When I opened my e-mail Tuesday evening, I
found a sardonic pair of forwards. The first bore the title “It’s
good to be a woman” and the second the headline “Senate passes
‘partial birth’ abortion ban.” While the former was a
cliché-ridden list of reasons the X chromosome is preferable
to the Y – apparently there really are times when chocolate can
solve all my problems – the latter was a bitter reminder that
navigating life as a woman is not always easy or fair.

Mira Levitan

The Senate’s passage of this long-debated and twice-vetoed
abortion ban is a regrettable step backward for reproductive
rights. When President Bush signs the bill into law, as he has
piously sworn to do, the right to chose will be severely
restricted. For the first time since the landmark Roe v. Wade
ruling in which the Supreme Court cautiously protected reproductive
rights, a president will criminalize an abortion procedure and
doctors performing so-called “partial birth” abortions will be
subject to a two-year prison term.

Aside from a clear intent to undermine reproductive rights
beyond this particular procedure, this ban commits three
predictable offenses. First, the bill legitimizes a politically
fabricated and alarmist term for a recognized medical procedure.
Few doctors – other than the one in the Senate – use the term
“partial birth abortion” as it was created to rouse gratuitous
emotion from the American public. While every political coalition
uses rhetoric to advance its agendas, our elected officials ought
to refrain from propagating such misleading language in

Accordingly, the second common complaint about this bill rises
from its inadequate definition of “partial birth.” Many doctors
have complained that Congress’ definition is imprecise and,
ultimately, ineffective. In using rousing but simplistic language,
authors of the ban have created more questions than answers.

The third standard critique of this bill is that it does not
include an exception for the health of the mother. The ban’s
proponents argue that extensive evidence shows how the banned
procedure is never used to ensure the life and health of the
mother. If that were so, why wouldn’t the bill’s sponsors include
an exception just to make moderates and the U.S. Supreme Court
happy? Given that the U.S. Supreme Court will likely find the law
unconstitutional because of the lack of an exception, I can’t help
but wonder what pro-lifers gain in taking the hard line and in
demonstrating an utter lack of interest in the mother’s well

Though these three critiques are arguably the most prominent in
the discussion surrounding this ban, they are just distractions.
They are common complaints and they have common rebuttals. These
issues effectively divert the attention of pro-choicers from a more
substantial challenge that ought to be presented to pro-lifers: Why
aren’t you trying to punish women? If abortion is so egregious a
crime, why aren’t you going after those who demand it?
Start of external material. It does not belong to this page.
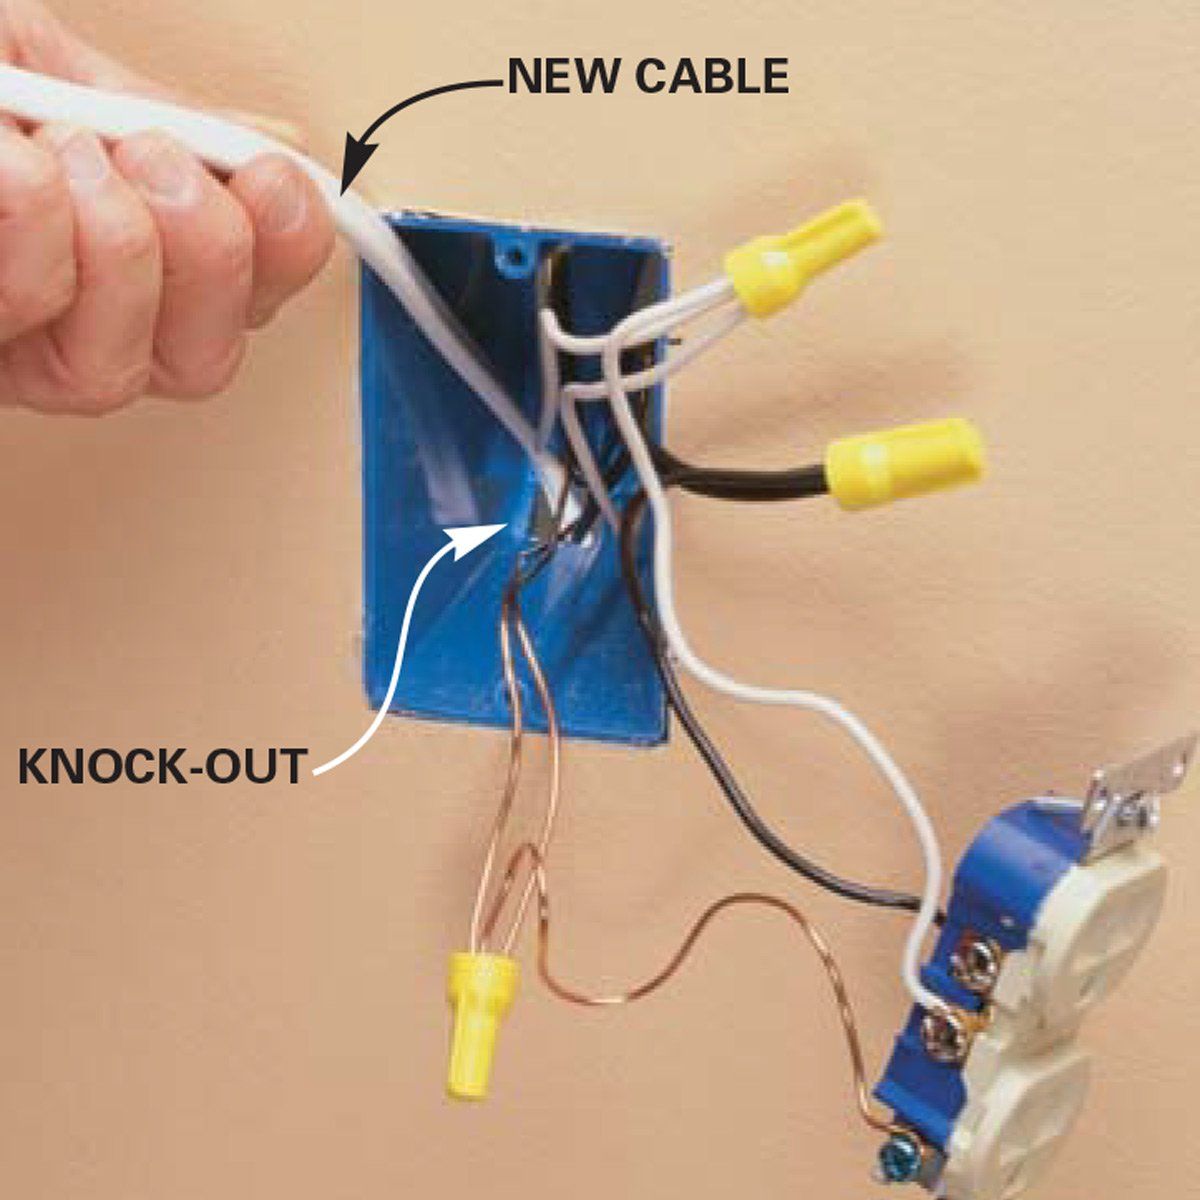 Adding an electrical outlet box

I cannot decipher how pro-lifers reconcile their need to end
abortion with their refusal to condemn those who seek and obtain
it. In the War on Drugs, law enforcement officers arrest and
prosecute users and addicts along with their providers, the
dealers. We know that only targeting the dealers won’t stop the
drug trade, so how can targeting only doctors stop abortion? Maybe
the pro-life coalition believes women need not be prosecuted
because of they’ve already suffered so much and must deal with the
daily guilt – but I think not. They aren’t irrational enough to
believe that every woman who has abortion has a spiritual
reformation the next day.

The truth is that pro-lifers know they are fighting a losing
battle and they know the American public would never accept a law
that condemned women for making difficult decisions. Thus, today,
we have a bill that attacks the less sympathetic of the actors –
the doctors – because they are the only people left to attack.
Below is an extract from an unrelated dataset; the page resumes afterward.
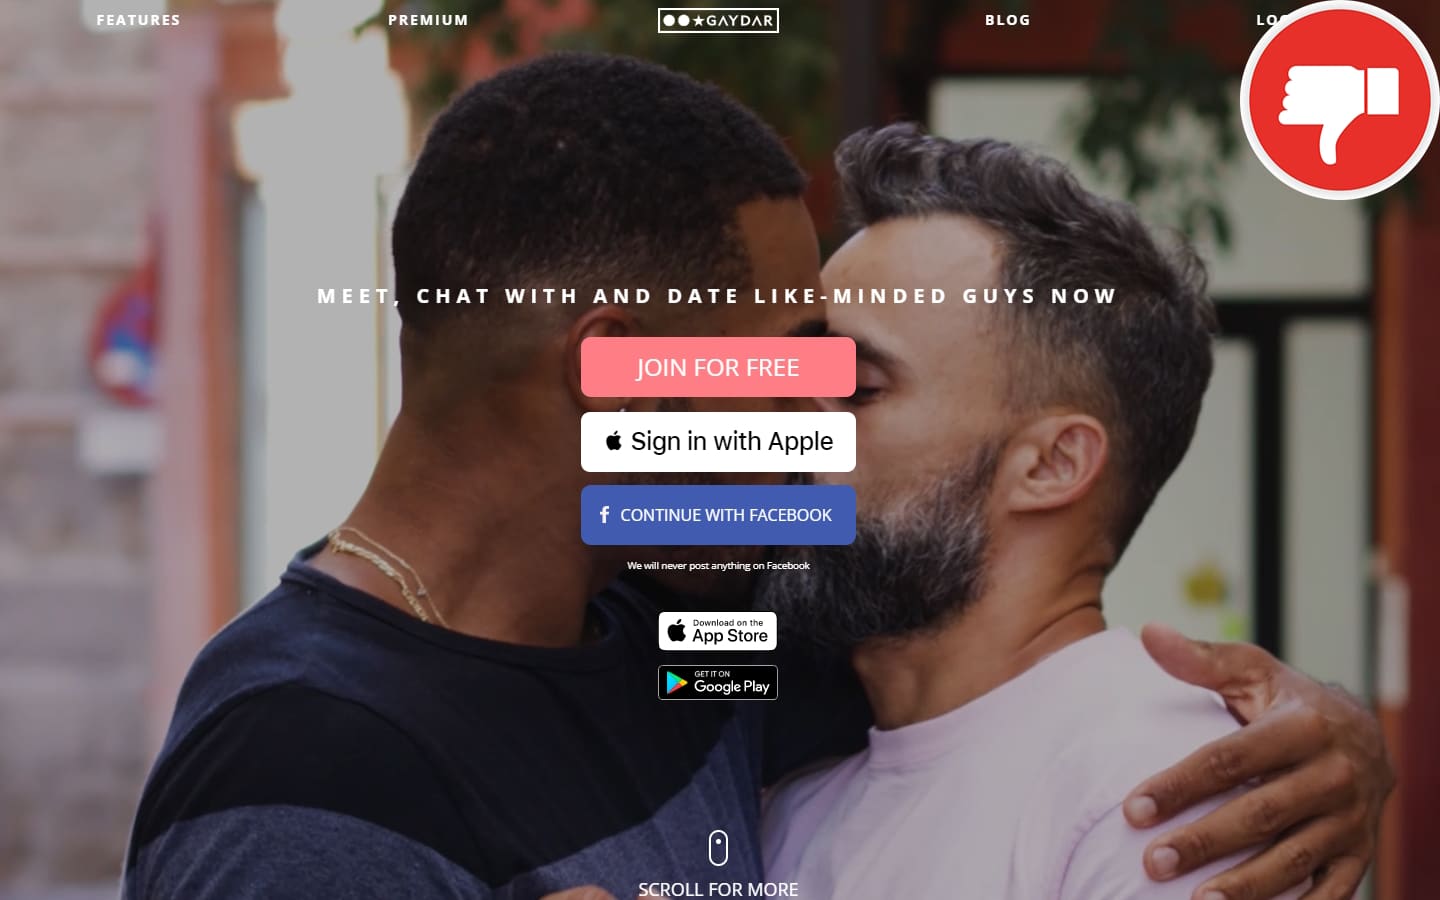 Review Gaydar.net scam experience

Pro-lifers can see in the collective American subconscious what
many of us cannot. They see that Americans won’t condemn their
mothers, sisters, aunts, wives and friends for acting out of
necessity. They see that reproductive rights are closer to the
hearts of Americans than even the pro-choicers recognize. They see
that reproductive rights are, thankfully, here to stay.

It looks like I won’t need that chocolate bar after all.